Born in Scotland and educated in Belgium, Fen de Villiers’ work has roots in both and neither. His powerful sculptures tell the story of his own identity, but also a more general European sensibility that thrives in the anonymous shapes of his modernist figures - representing transcendent values.
Undergoing his art training at the Royal Academy of Fine Arts Antwerp, founded in 1663 as one of the oldest in Europe, de Villiers is an alumni alongside some of the most important minds in contemporary creative thought and design. Amongst those names include Martin Margiela, Dries Van Noten, Demna Gvasalia, Jan Yoors, Jan Fabre and even, very briefly, Vincent van Gogh.
Despite most of these graduates helping to reshape the world of fashion, their sheer impact on the art world - well beyond the confines of fashion itself - highlights the kind of figures produced from the school. De Villiers, clearly inspired by the contemporary sculptures of his forebears like Fabre and Yoors, chose to steer away from the abstract and conceptual and move towards something more figurative and dynamic.
It was in the modernist movement of Futurism, particularly the sculptural work of one of the movement’s pioneers Umberto Boccioni, that de Villiers has derived a lot of his artistic philosophy from. Besides the dynamic and highly kinetic aesthetics of Boccioni’s works, he also had an exuberant manifesto that shone the spotlight on the perceived stasis of Italy’s culture at the time.
One section, the introduction of the manifesto, translated from its original in Italian, reads:
TO THE YOUNG ARTISTS OF ITALY!
The cry of rebellion which we utter associates our ideals with those of the Futurist poets. These ideals were not invented by some aesthetic clique. They are an expression of a violent desire which boils in the veins of every creative artist today.
We will fight with all our might the fanatical, senseless and snobbish religion of the past, a religion encouraged by the vicious existence of museums.
Similar themes are echoed in de Villiers’ own manifesto which offers us context into the ties that bind the social with the artistic. Both of the manifestos arose and developed at a particular time in reponse to the pervasive zeitgeist. Both sought to yield art and culture as a weapon against the world, a way to manifest strength in an increasingly compromised social system.

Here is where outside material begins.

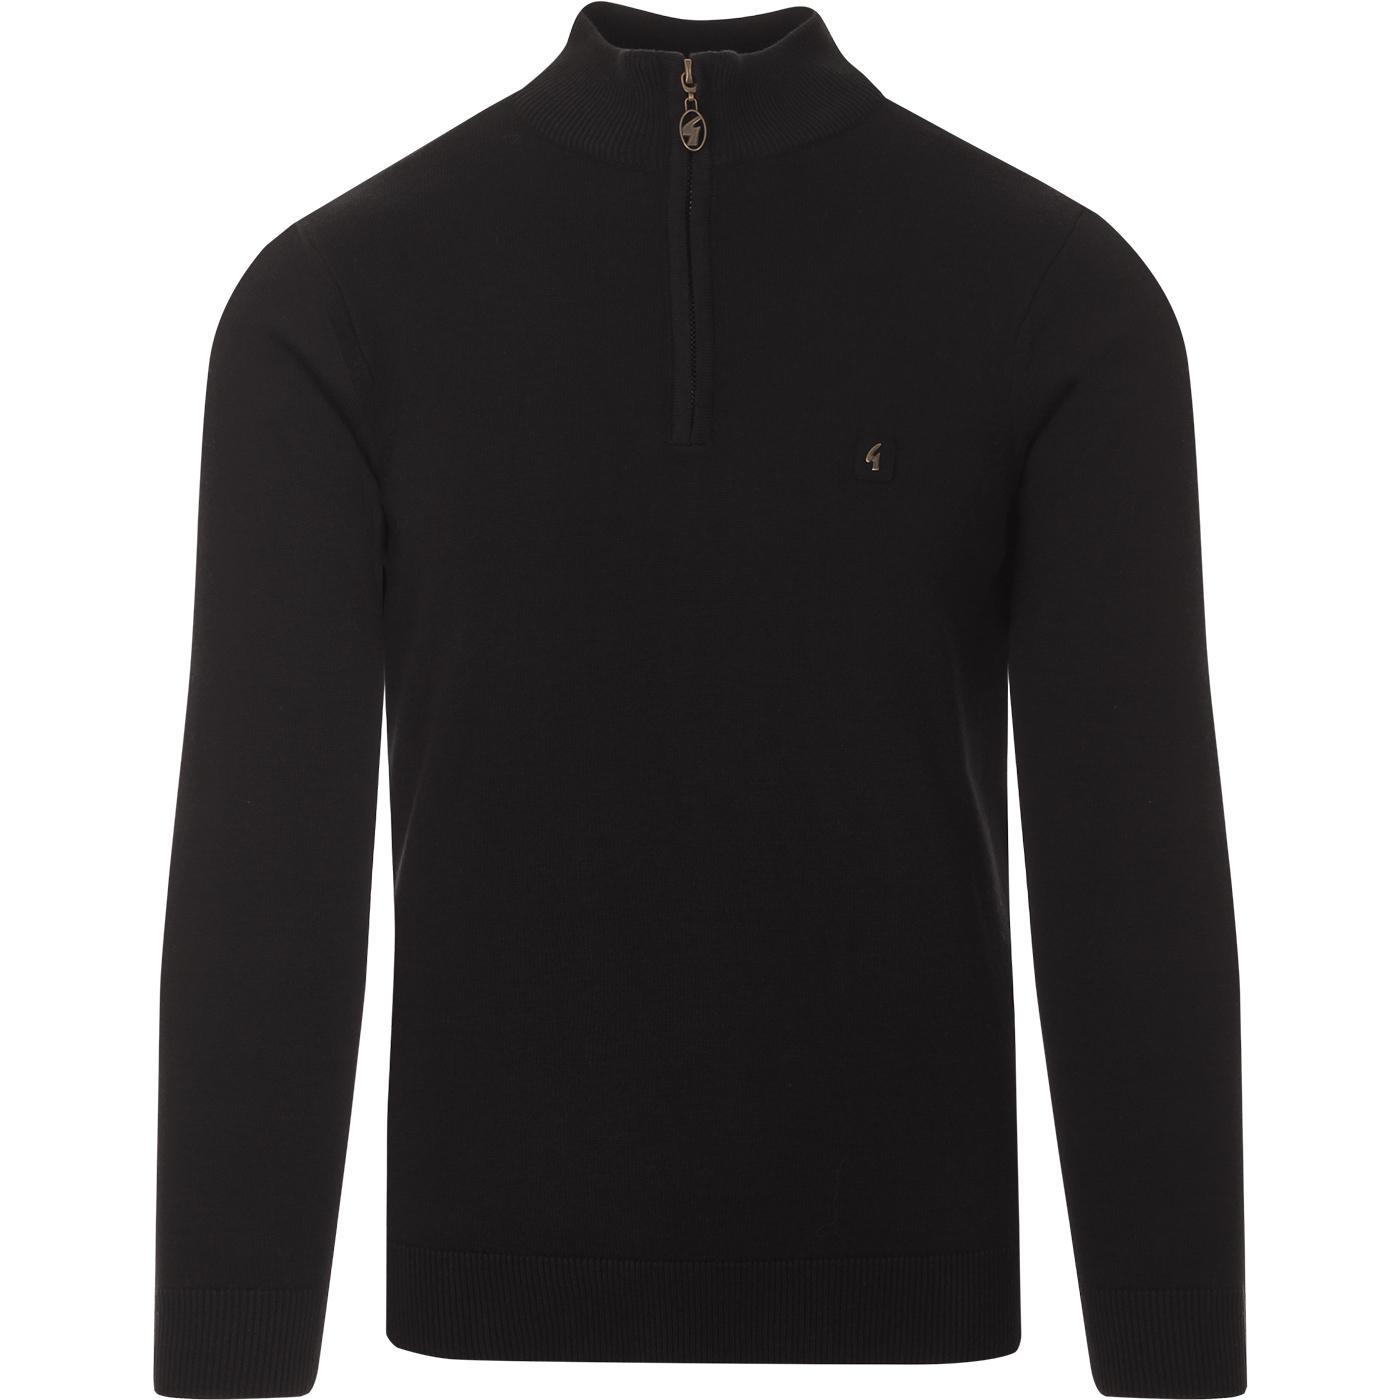 Naxton GABICCI VINTAGE Knitted Half Zip Top -Black

Working mainly in stone, with bronze and plaster casting, de Villiers utilises his materials not only for their physical properties, but their representational value, “Stone carving for me is the absolute essence of sculpture. You work directly in a material that was given to you by nature: raw and with its own free will, but at the same time pure and imbued with age-old vitality.” In this most primitive of materials, the artist can engage with his most primal instincts.
Drawing on the reciprocal balance between harmony and chaos - the form of the sculpture and its dynamic contents respectively - the artist opts not to portray trends or contemporary issues, but to detail the timeless. Rather than commentary, de Villiers is interested in transcendent values.
Interpreting the text on de Villiers' website, the intention of a sculpture isn’t there to be decoded as much as to be experienced. These sculptures, as with the early Italian Futurists, thrive on impact, “I am always looking for archetypes of strength, dynamism and energy, and seek to create powerful sculptures that uplift the viewer’s spirit.”
De Villiers is working within a very niche territory of sculpture, but his active engagement with timeless themes and materials, the eschewing of trends, means that he will never be in, nor will he ever be out. De Villiers will be and he will keep on being.